*Task instructions:* Print the listing below again, exactly. Skip the pictures.

[[ Source material, beginning ]]

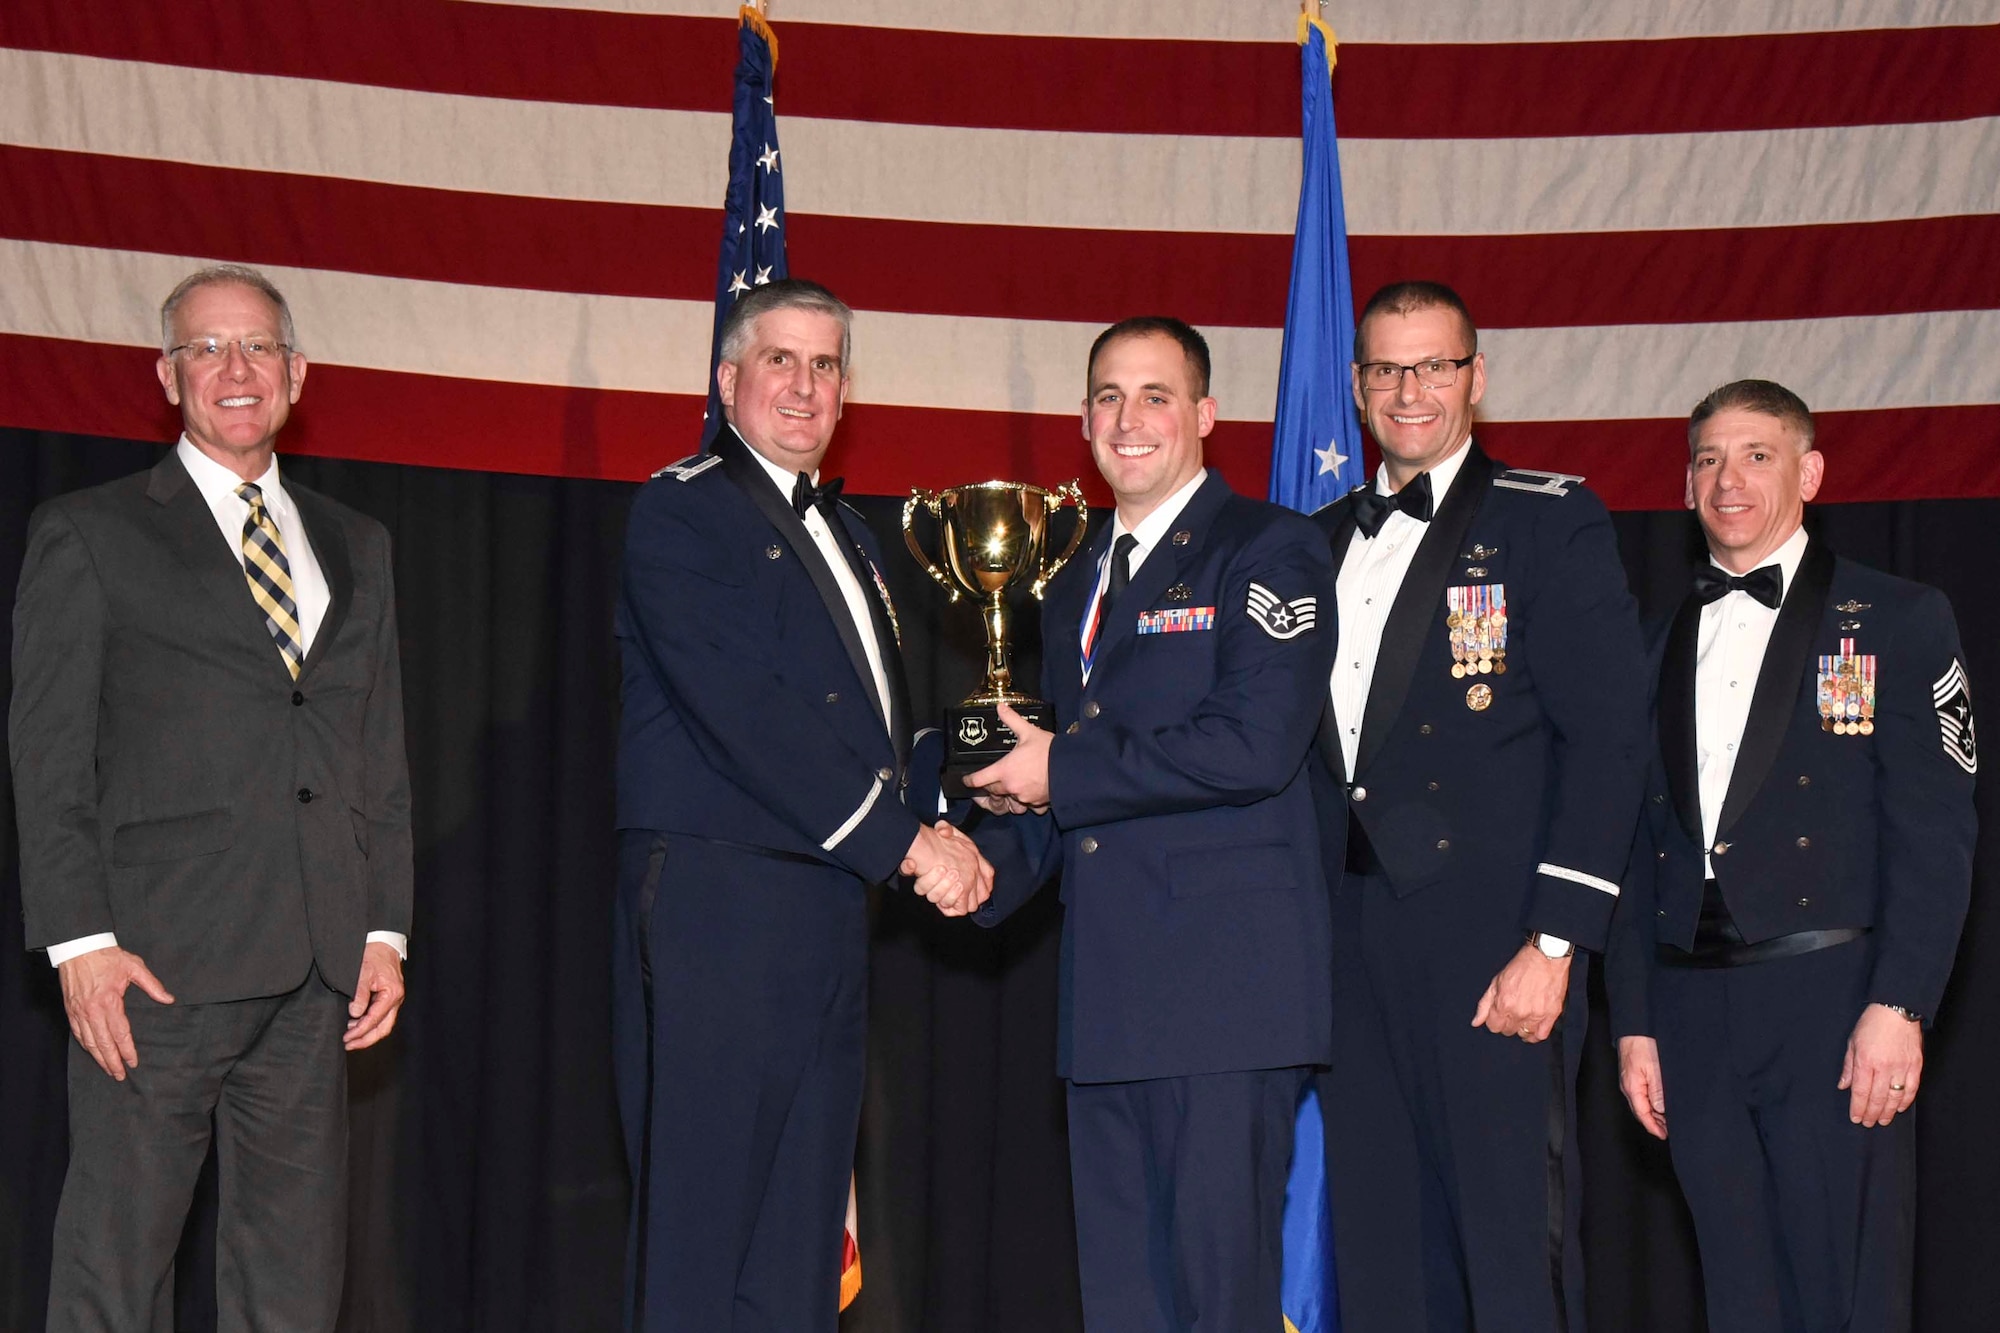 Staff Sgt. Eric Keen, 22nd Aircraft Maintenance Squadron, center, accepts the 2016 Honor Guardsman of the Year, NCO award, Feb. 3, 2017, at McConnell Air Force Base, Kan. The annual awards ceremony recognized military and civilian members who excel in their areas of responsibilities, leadership qualities, community involvement, self-improvement and innovation during the period of January to December 2016. (U.S. Air Force photo/Senior Airman Christopher Thornbury)
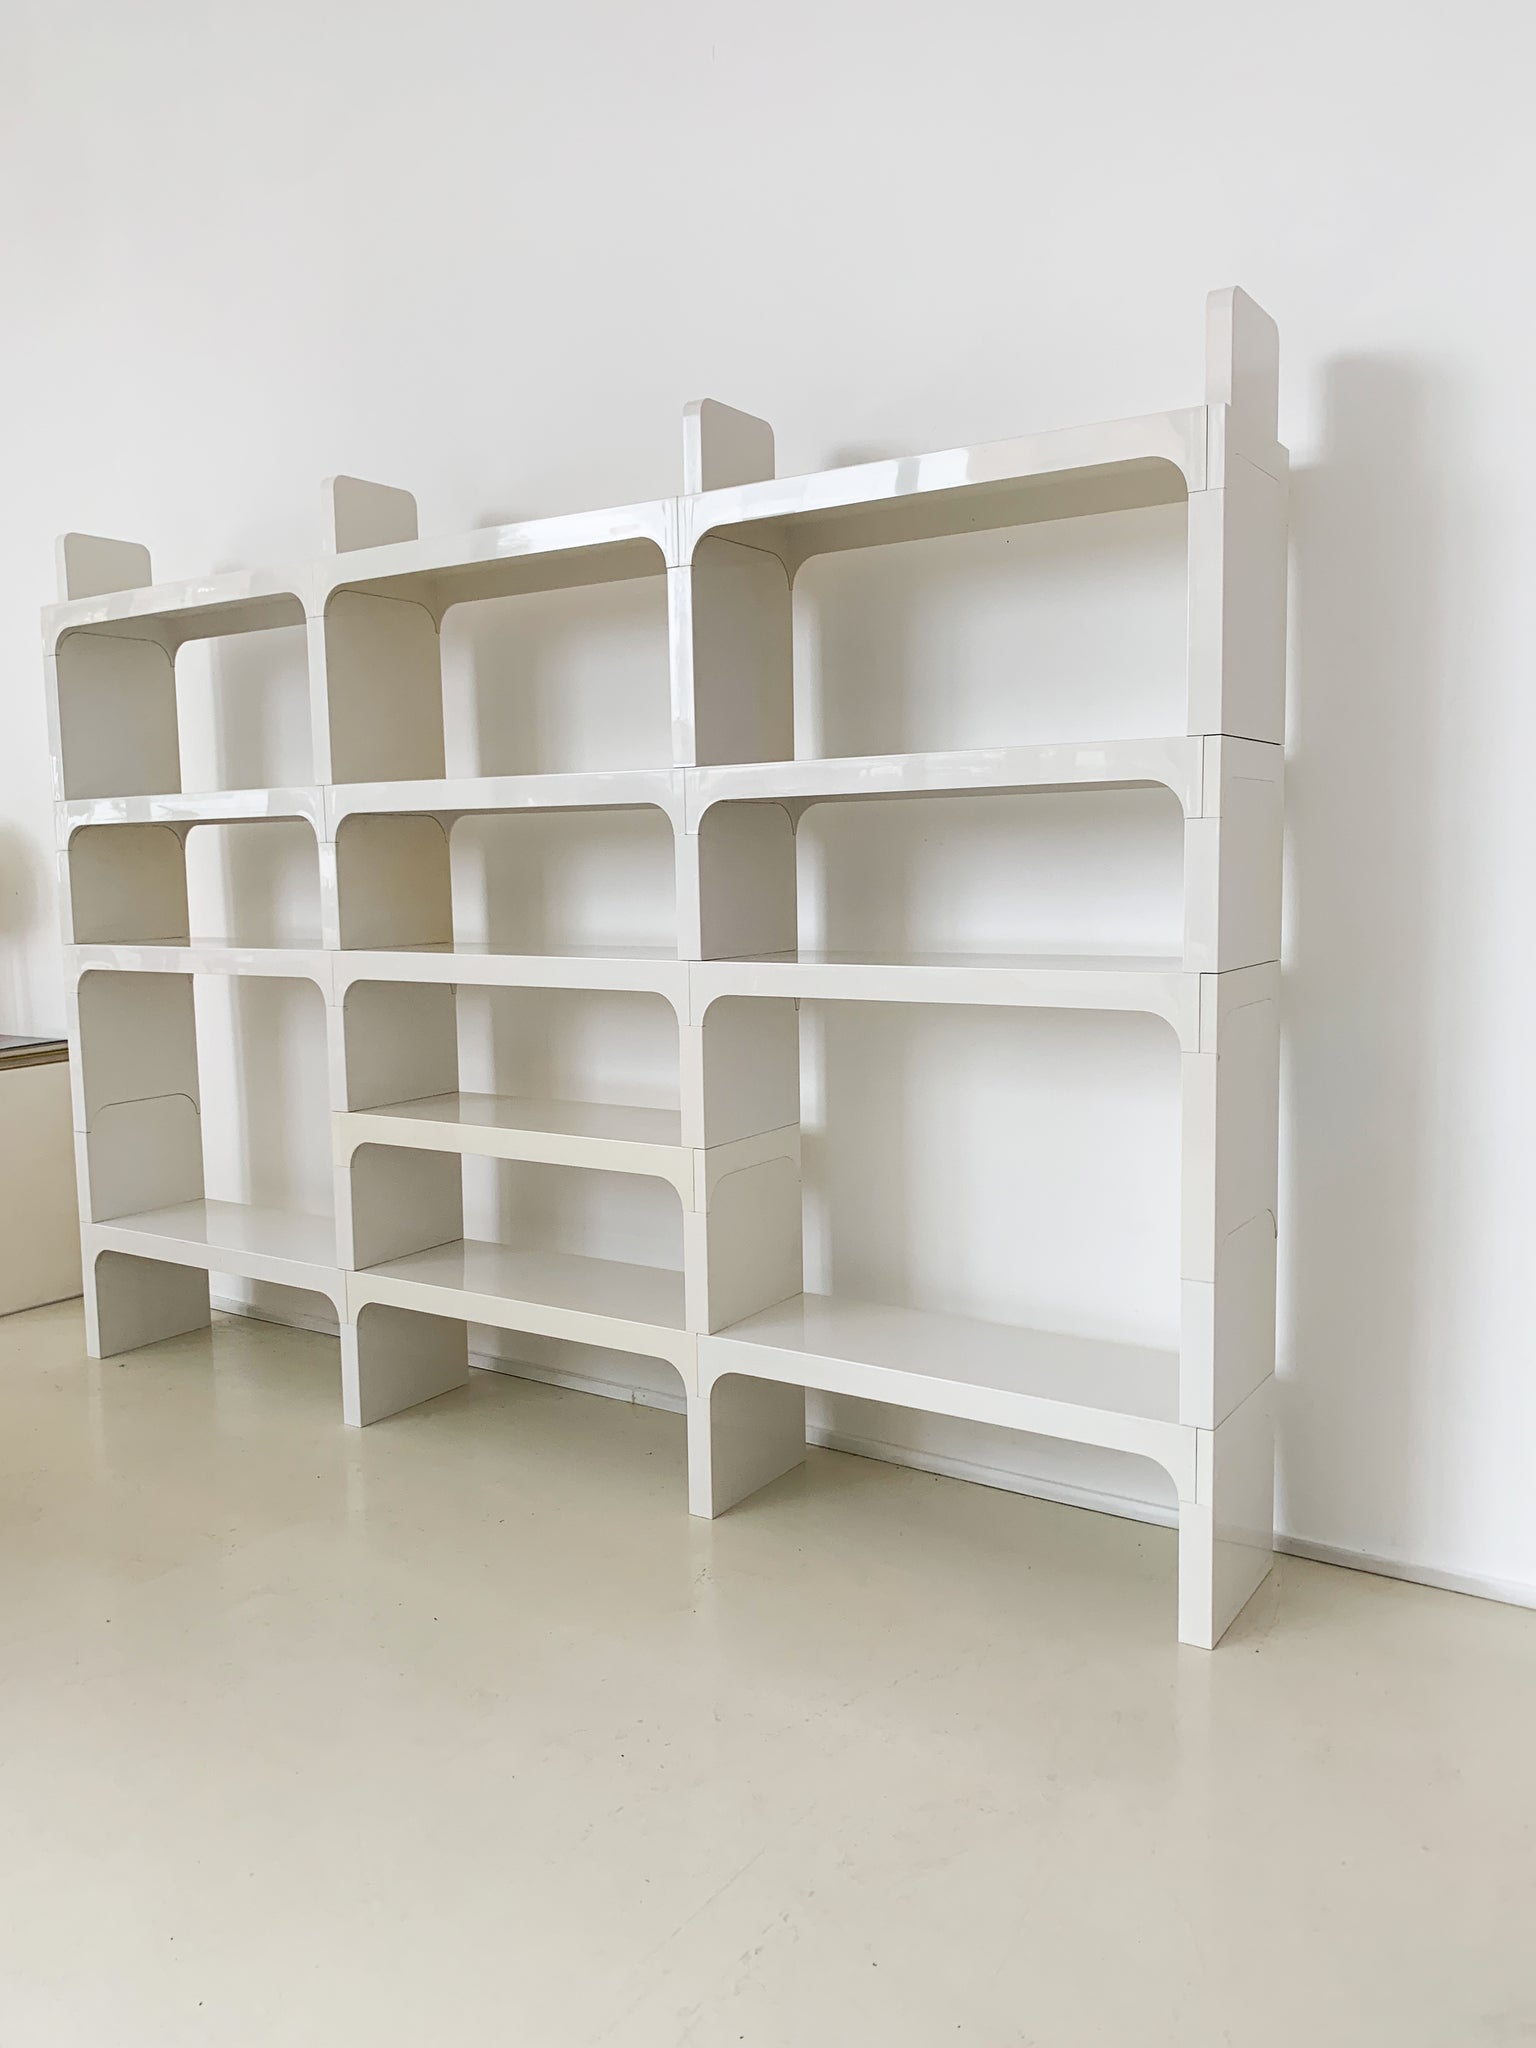 1970s White ABS Plastic Bookcase by Olaf Von Bohr for Kartell- 3 Bays
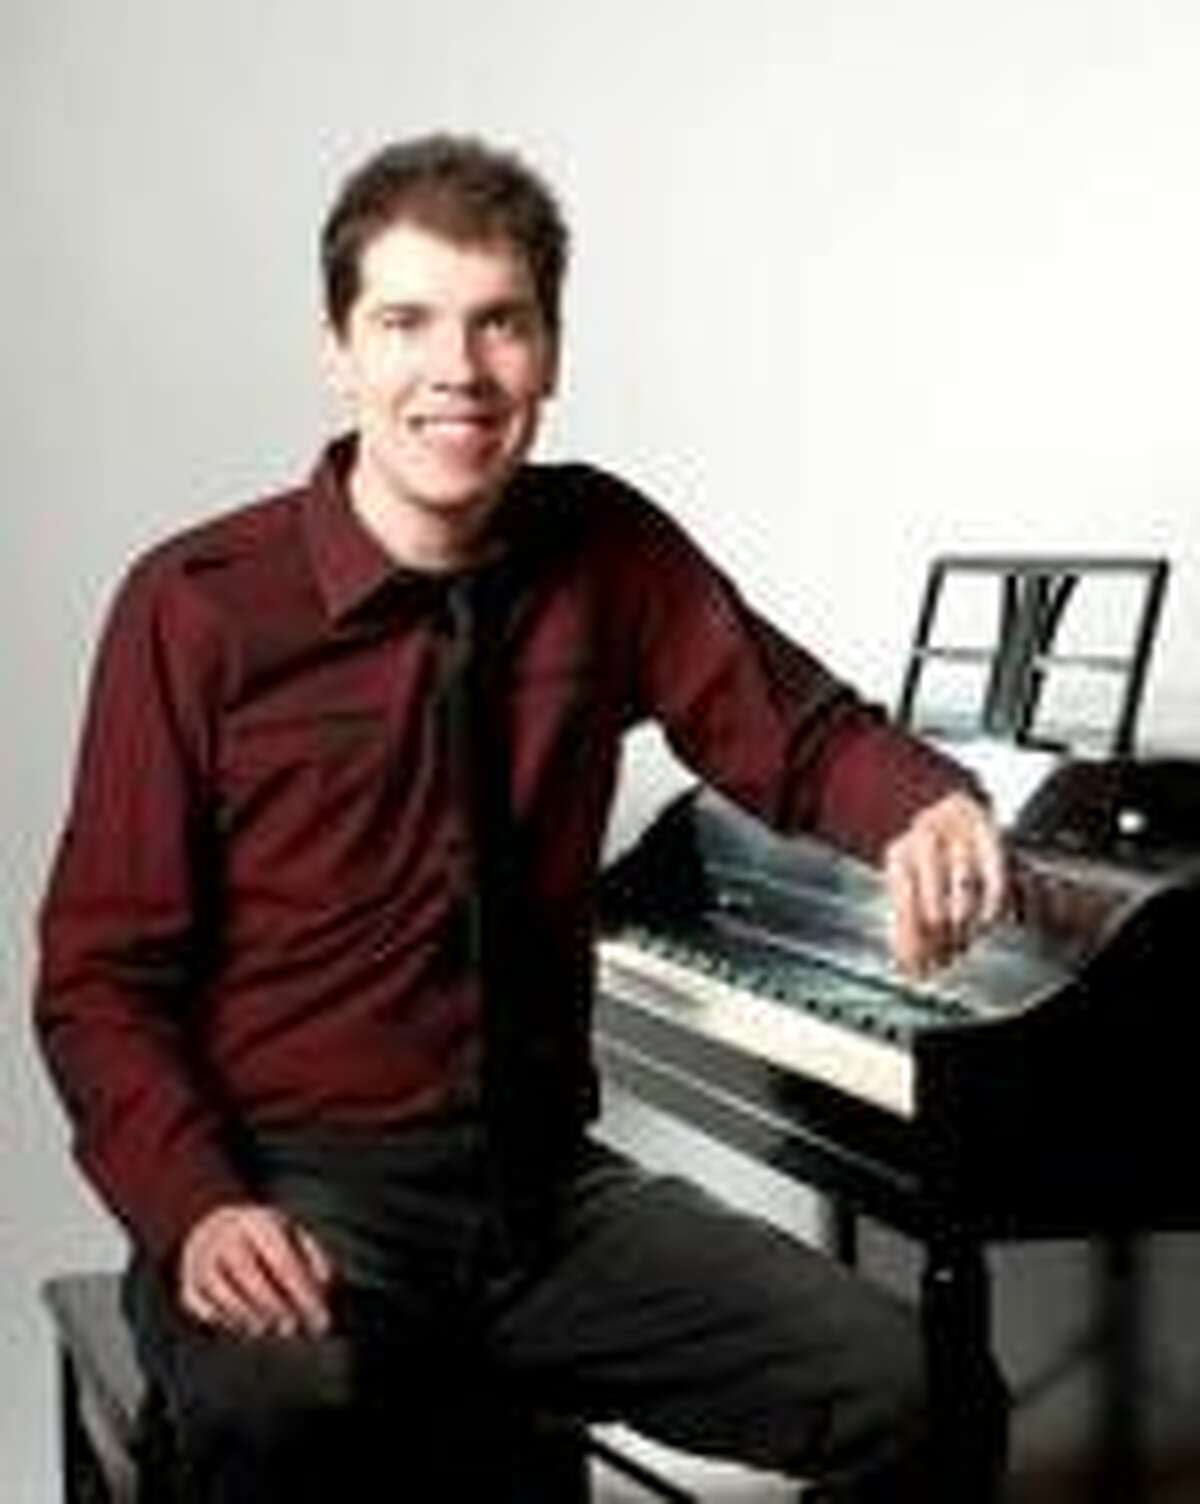 Jason Coleman is a piano artist and grandson of country music legend Floyd Cramer.

[[ Source material, end ]]

*Final answer:*
 Staff Sgt. Eric Keen, 22nd Aircraft Maintenance Squadron, center, accepts the 2016 Honor Guardsman of the Year, NCO award, Feb. 3, 2017, at McConnell Air Force Base, Kan. The annual awards ceremony recognized military and civilian members who excel in their areas of responsibilities, leadership qualities, community involvement, self-improvement and innovation during the period of January to December 2016. (U.S. Air Force photo/Senior Airman Christopher Thornbury)
 1970s White ABS Plastic Bookcase by Olaf Von Bohr for Kartell- 3 Bays
 Jason Coleman is a piano artist and grandson of country music legend Floyd Cramer.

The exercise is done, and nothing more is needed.